Our DMDP framework consists of two major components: (1) dynamic multi-source data alignment and (2) neural network-based prediction model. Figure 1 provides the illustration of our DMDP framework.

Fig. 1
figure 1

DMDP framework

3.1 Dynamic Multi-source Data Alignment

To predict whether a company c will be labeled (*ST) or not at time period \(T + 1\), we extract the sequences of financial indicators \(\{FIN_1^c, \ldots , FIN_T^c\}\) and unstructured news representations \(\{{\textit{TEXT}}_1^c, \ldots , {\textit{TEXT}}_T^c\}\), where \(FIN_1^c\) and \({\textit{TEXT}}_1^c\) are the inputs in the first financial period after company c gets listed. Because a listed company is required to publish its financial statements for each financial period according to regulation, the sequence of the historical financial indicators is complete. We denote the sequence of financial indicators for a company c before time period T by \(\{FIN_t^{c}\} = \{X_{it}^{c}\}\), where \(i \in \{1, \ldots , P\}\) and \(t \in \{1, \ldots , T\}\). For the sequence of news representations, we perform preprocessing and alignment over the raw news data to deal with the problems of data missing and irregularity. On the one hand, the number of news within a specific financial period varies from one company to another. On the other hand, even for the same company, the number of relevant news released in different financial periods varies greatly, from zero to several dozens. For instance, a company may receive multiple news within one day, while it might take weeks to get one relevant news for certain time period.

To handle the missing and irregularity problems of the news sequence, we apply the following method to preprocess the raw news data and align them properly. First, given each news text for a company c during week k of quarter t, we obtain the embedding of the title by averaging the pre-trained Word2Vec embeddings of the words in the title. We denote the embedding of nth news title as \(title_{tkn}^c\) to represent news n, out of \(N_{tk}^c\) news for company c during week k of quarter t. Then, we calculate the average of the title embeddings for company c in that week as \({\textit{TEXT}}_{tk}^c = \frac{1}{N_{tk}^c}\sum _{n=1}^{N_{tk}^c}title_{tkn}^c\). Formally, we denote the sequence of news text representation for a company c before time period T by

$$\begin{aligned} \{{\textit{TEXT}}_t^c\} = \{{\textit{TEXT}}_{tk}^c\} = \left\{ \frac{1}{N_{tk}^c} \sum _{n=1}^{N_{tk}^c}title_{tkn}^c\right\} \end{aligned}$$
(1)

where \(t \in \{1, 2, \ldots , T\}\) is the quarter starting from the company get listed up to quarter T. \(k \in \{1, 2, \ldots , K_t\}\) is the week number during quarter t. \(N_{tk}^c\) is the number of news for company c during week k of quarter t. \(n \in {1, 2, \ldots , N_{tk}^c}\) is the nth news text for company c during week k of quarter t. \(title_{tkn}^c\) is the average of word embeddings of the words in title of nth article for company c during week k of quarter t and is d-dimensional given the d-dimension of the pre-trained word embeddings.

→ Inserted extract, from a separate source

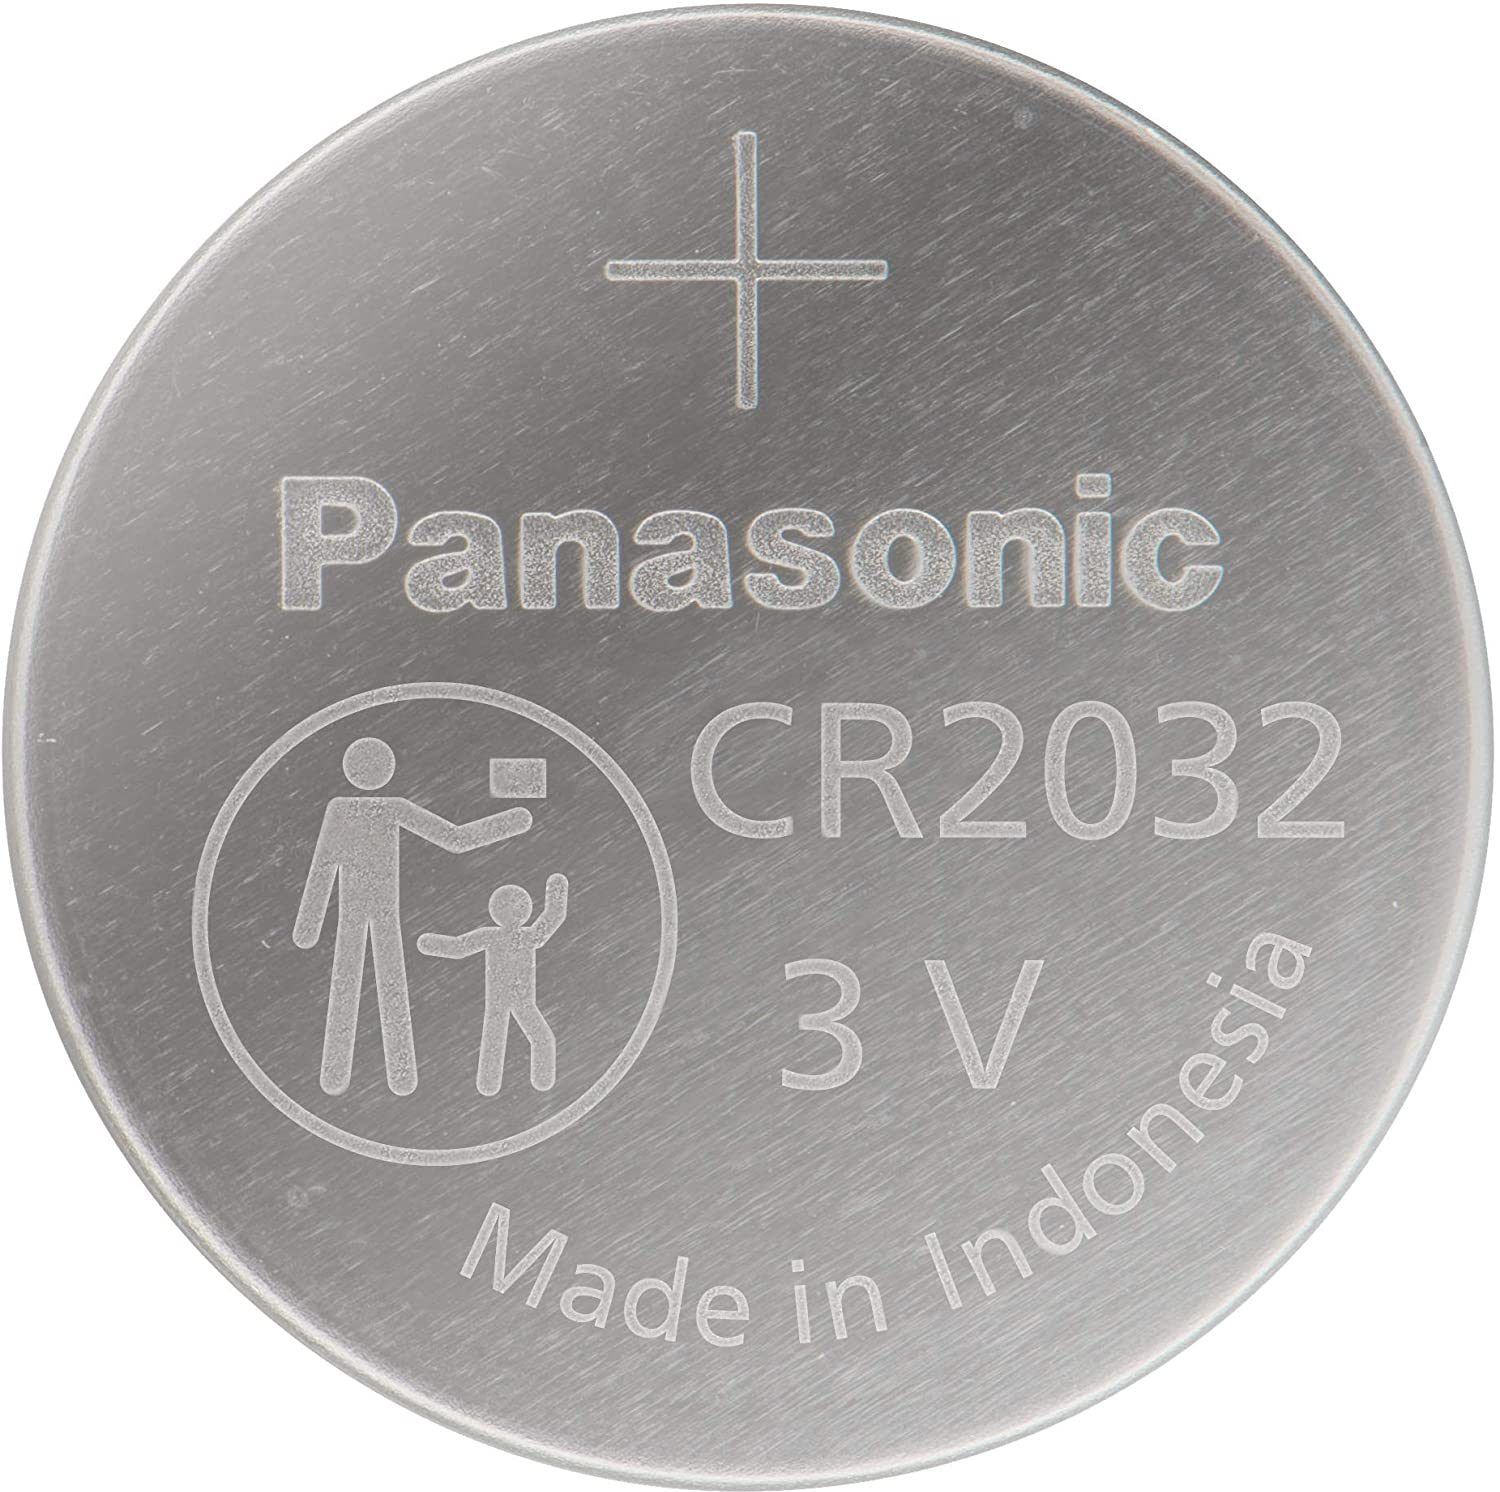 Panasonic Lithium Coin Batteries B082BVF7W6 CR2032 -3

Note that not every company has related news in each week, and hence, we have to decide how to impute or align the data for news text sequence. We have tried three ways to align such data. One is to impute zero vectors into the missing weekly representations of news for each company. To be specific, if a company c has news representation until week k in quarter t, we impute zero vector into all missing weeks before week tk. We call this alignment method ZeroInputAlign. The second way is to serialize the week number tk into a sequence and feed them into the model too. Since Phased LSTM can take time step as direct input into the model, we feed it in this way. We dub this alignment method as TimeInputAlign. The third way is to squeeze the text news sequence directly without considering the potential sparsity of the input. For instance, for a company c, which has only three records \(\{{\textit{TEXT}}_{11}^c, {\textit{TEXT}}_{35}^c, {\textit{TEXT}}_{T4}\}\), we directly input the sequence as \(\{{\textit{TEXT}}_1, {\textit{TEXT}}_2, {\textit{TEXT}}_3\}\) into the model. In this way, the time only determines the position in the sequence but does not serve as input to the model. We refer to this alignment method as SqueezeInputAlign. We would compare the performance of the three methods in our experiments.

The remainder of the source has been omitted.